> **Your assignment**
Everything from the line with "evga-geforce-gtx-1070-ftw2_2" to the line with "Tarotcursus tarot stap voor stap" in the listing below, both lines included, needs to be copied exactly, apart from the pictures.

> **Data to use**

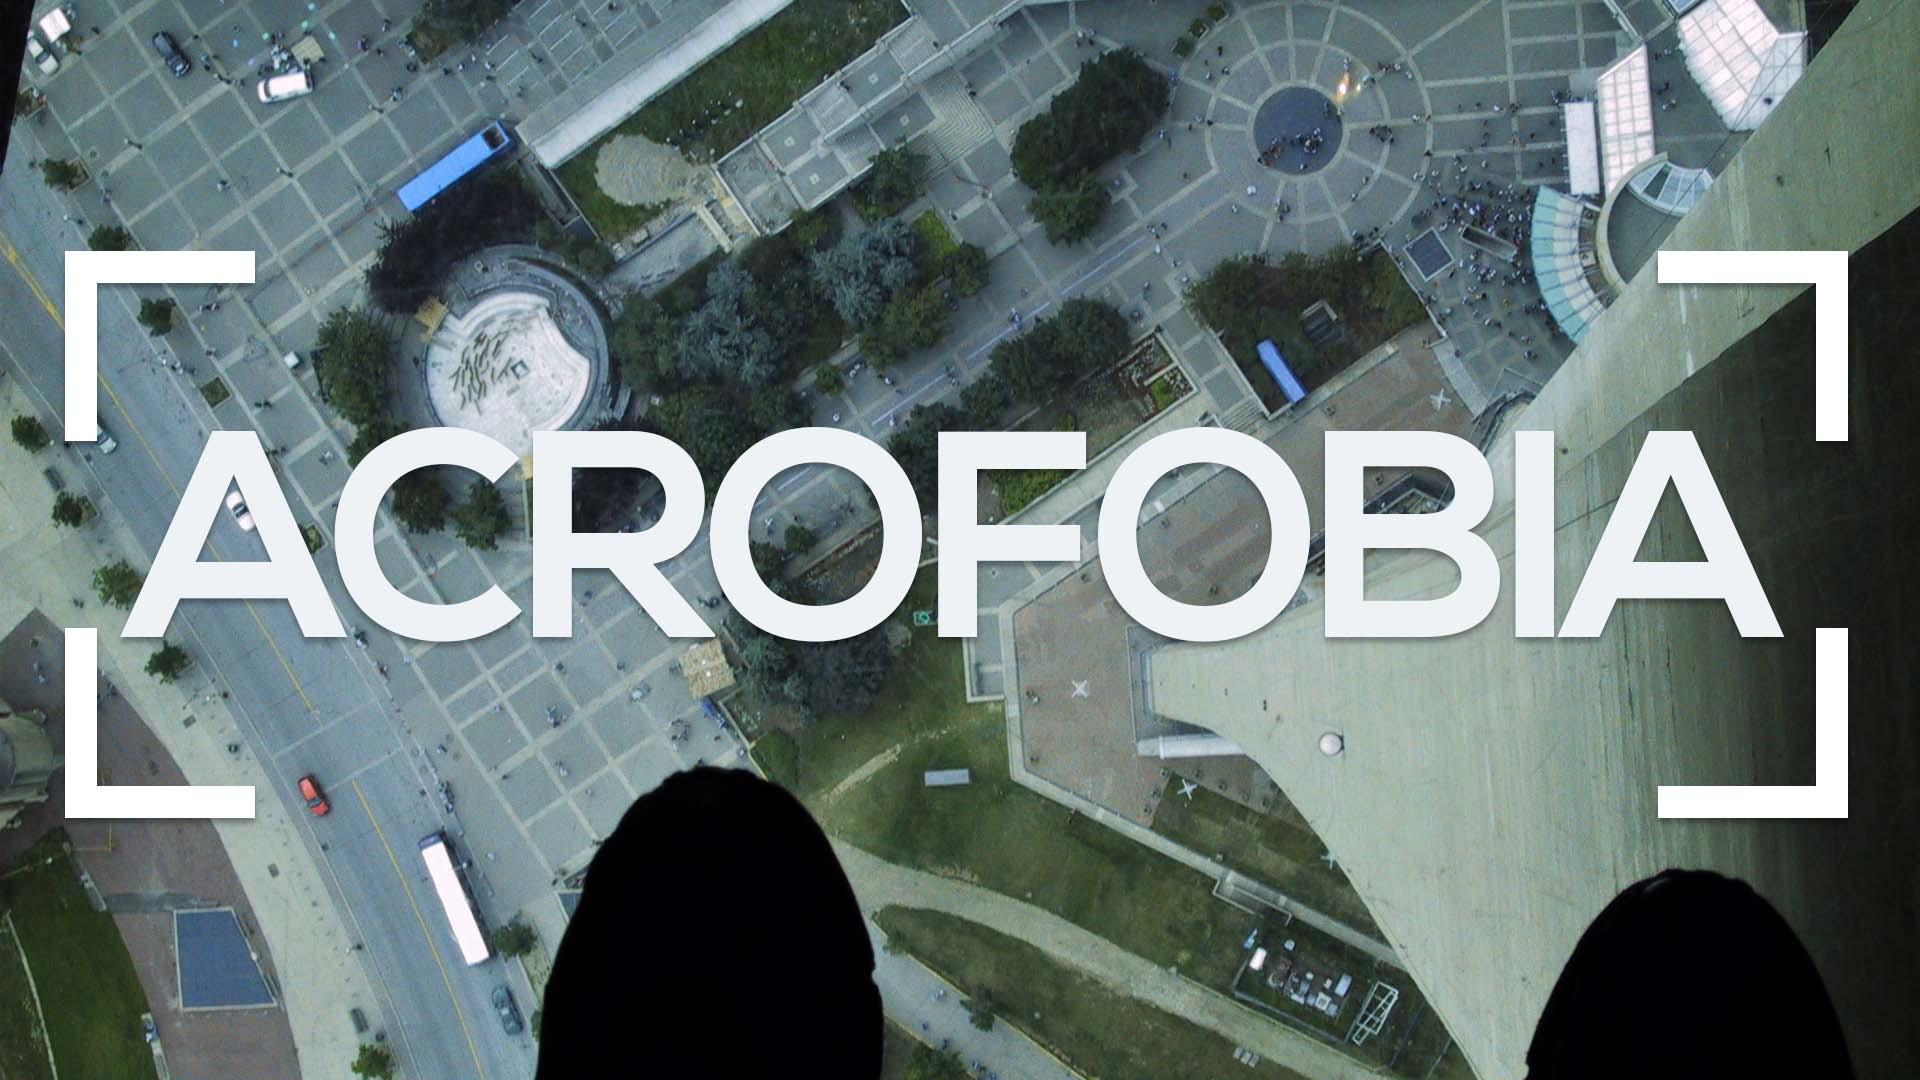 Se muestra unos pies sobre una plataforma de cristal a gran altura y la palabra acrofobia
...
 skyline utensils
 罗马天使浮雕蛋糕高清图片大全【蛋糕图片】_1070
--
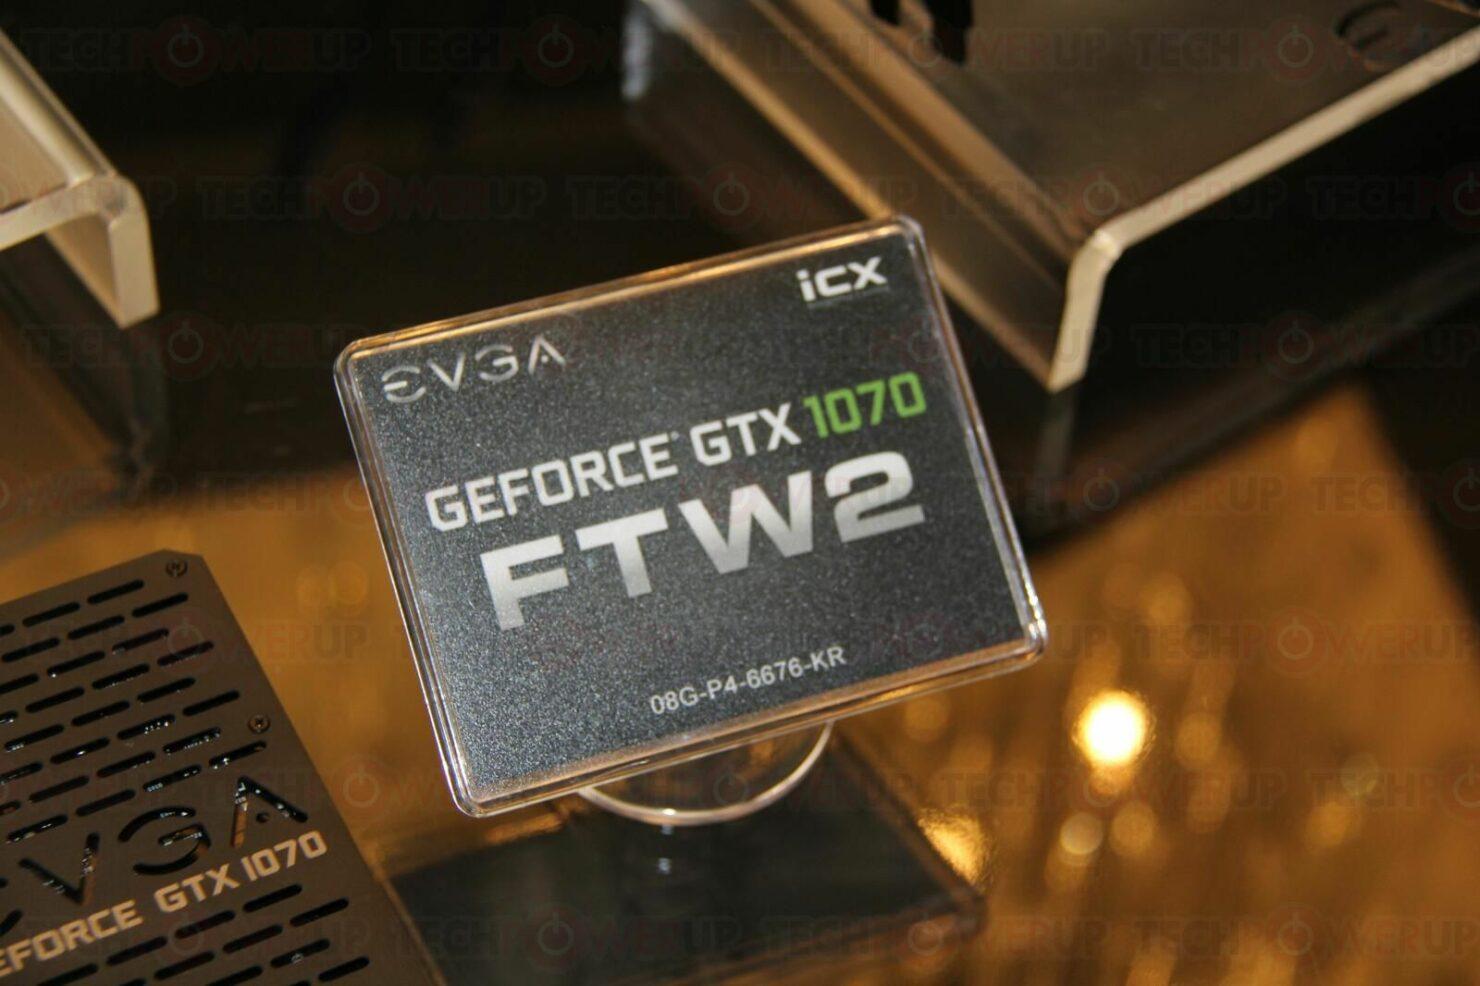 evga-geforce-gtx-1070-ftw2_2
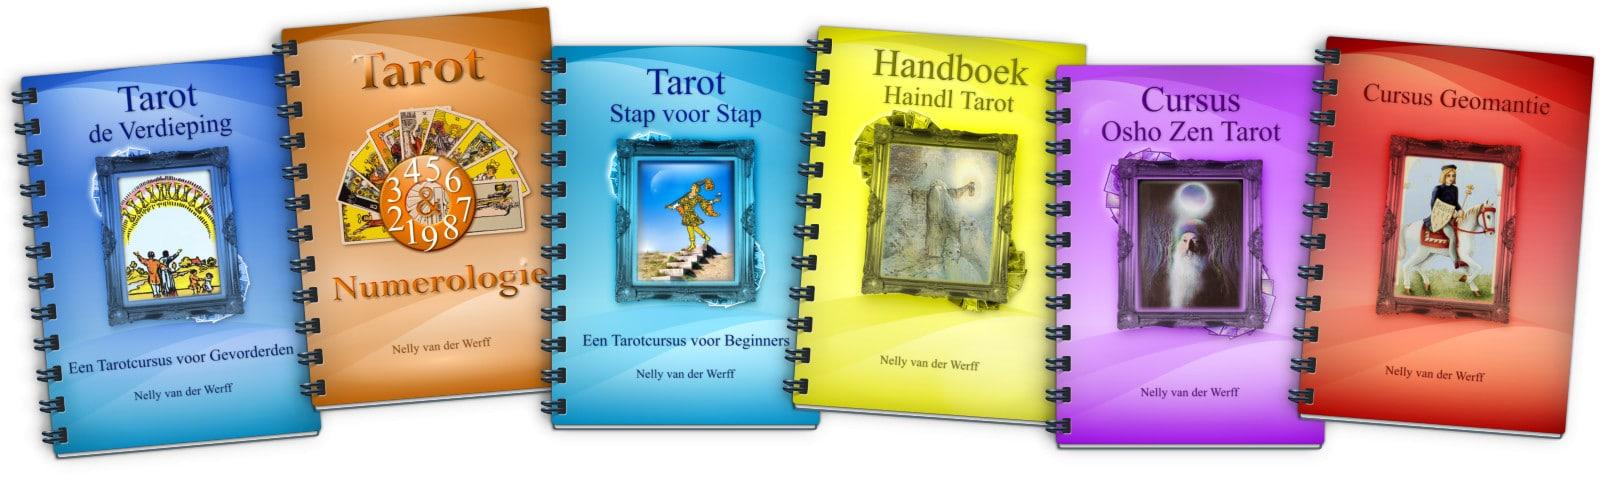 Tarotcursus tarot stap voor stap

> **Response**
 evga-geforce-gtx-1070-ftw2_2
 Tarotcursus tarot stap voor stap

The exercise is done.